The synthetic division table is:
$$ \begin{array}{c|rrrr}3&1&-3&-4&12\\& & 3& 0& \color{black}{-12} \\ \hline &\color{blue}{1}&\color{blue}{0}&\color{blue}{-4}&\color{orangered}{0} \end{array} $$The solution is:
$$ \frac{ x^{3}-3x^{2}-4x+12 }{ x-3 } = \color{blue}{x^{2}-4} $$Step 1 : Write down the coefficients of the dividend into division table. Put the zero from $ x -3 = 0 $ ( $ x = \color{blue}{ 3 } $ ) at the left.
$$ \begin{array}{c|rrrr}\color{blue}{3}&1&-3&-4&12\\& & & & \\ \hline &&&& \end{array} $$Step 1 : Bring down the leading coefficient to the bottom row.
$$ \begin{array}{c|rrrr}3&\color{orangered}{ 1 }&-3&-4&12\\& & & & \\ \hline &\color{orangered}{1}&&& \end{array} $$Step 2 : Multiply by the number on the left, and carry the result into the next column: $ \color{blue}{ 3 } \cdot \color{blue}{ 1 } = \color{blue}{ 3 } $.
$$ \begin{array}{c|rrrr}\color{blue}{3}&1&-3&-4&12\\& & \color{blue}{3} & & \\ \hline &\color{blue}{1}&&& \end{array} $$Step 3 : Add down last column: $ \color{orangered}{ -3 } + \color{orangered}{ 3 } = \color{orangered}{ 0 } $
$$ \begin{array}{c|rrrr}3&1&\color{orangered}{ -3 }&-4&12\\& & \color{orangered}{3} & & \\ \hline &1&\color{orangered}{0}&& \end{array} $$Step 4 : Multiply by the number on the left, and carry the result into the next column: $ \color{blue}{ 3 } \cdot \color{blue}{ 0 } = \color{blue}{ 0 } $.

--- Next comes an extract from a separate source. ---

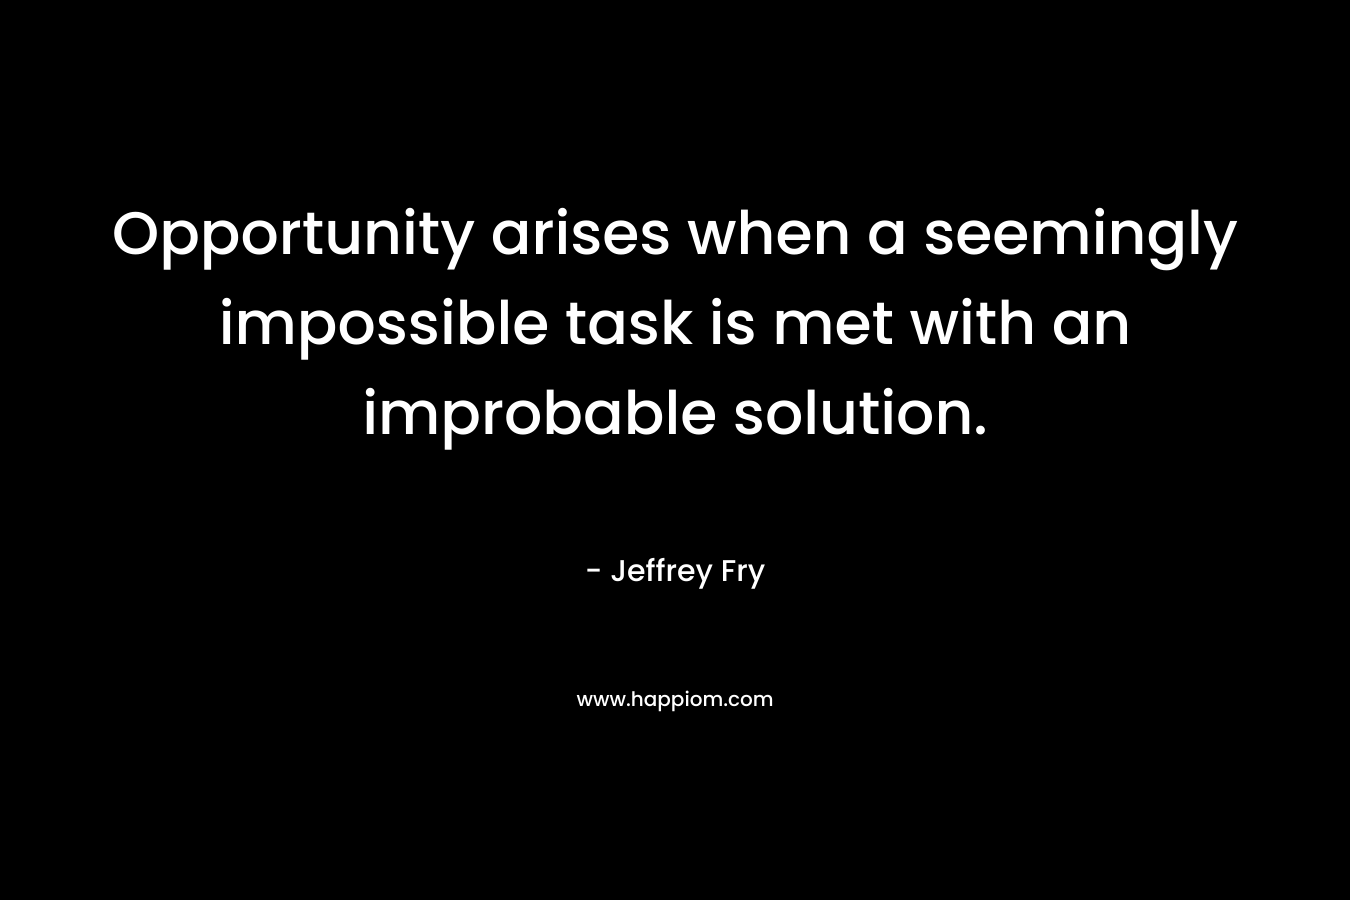 Opportunity arises when a seemingly impossible task is met with an improbable solution. – Jeffrey Fry

$$ \begin{array}{c|rrrr}\color{blue}{3}&1&-3&-4&12\\& & 3& \color{blue}{0} & \\ \hline &1&\color{blue}{0}&& \end{array} $$Step 5 : Add down last column: $ \color{orangered}{ -4 } + \color{orangered}{ 0 } = \color{orangered}{ -4 } $
$$ \begin{array}{c|rrrr}3&1&-3&\color{orangered}{ -4 }&12\\& & 3& \color{orangered}{0} & \\ \hline &1&0&\color{orangered}{-4}& \end{array} $$Step 6 : Multiply by the number on the left, and carry the result into the next column: $ \color{blue}{ 3 } \cdot \color{blue}{ \left( -4 \right) } = \color{blue}{ -12 } $.
$$ \begin{array}{c|rrrr}\color{blue}{3}&1&-3&-4&12\\& & 3& 0& \color{blue}{-12} \\ \hline &1&0&\color{blue}{-4}& \end{array} $$Step 7 : Add down last column: $ \color{orangered}{ 12 } + \color{orangered}{ \left( -12 \right) } = \color{orangered}{ 0 } $
$$ \begin{array}{c|rrrr}3&1&-3&-4&\color{orangered}{ 12 }\\& & 3& 0& \color{orangered}{-12} \\ \hline &\color{blue}{1}&\color{blue}{0}&\color{blue}{-4}&\color{orangered}{0} \end{array} $$Bottom line represents the quotient $ \color{blue}{ x^{2}-4 } $ with a remainder of $ \color{red}{ 0 } $.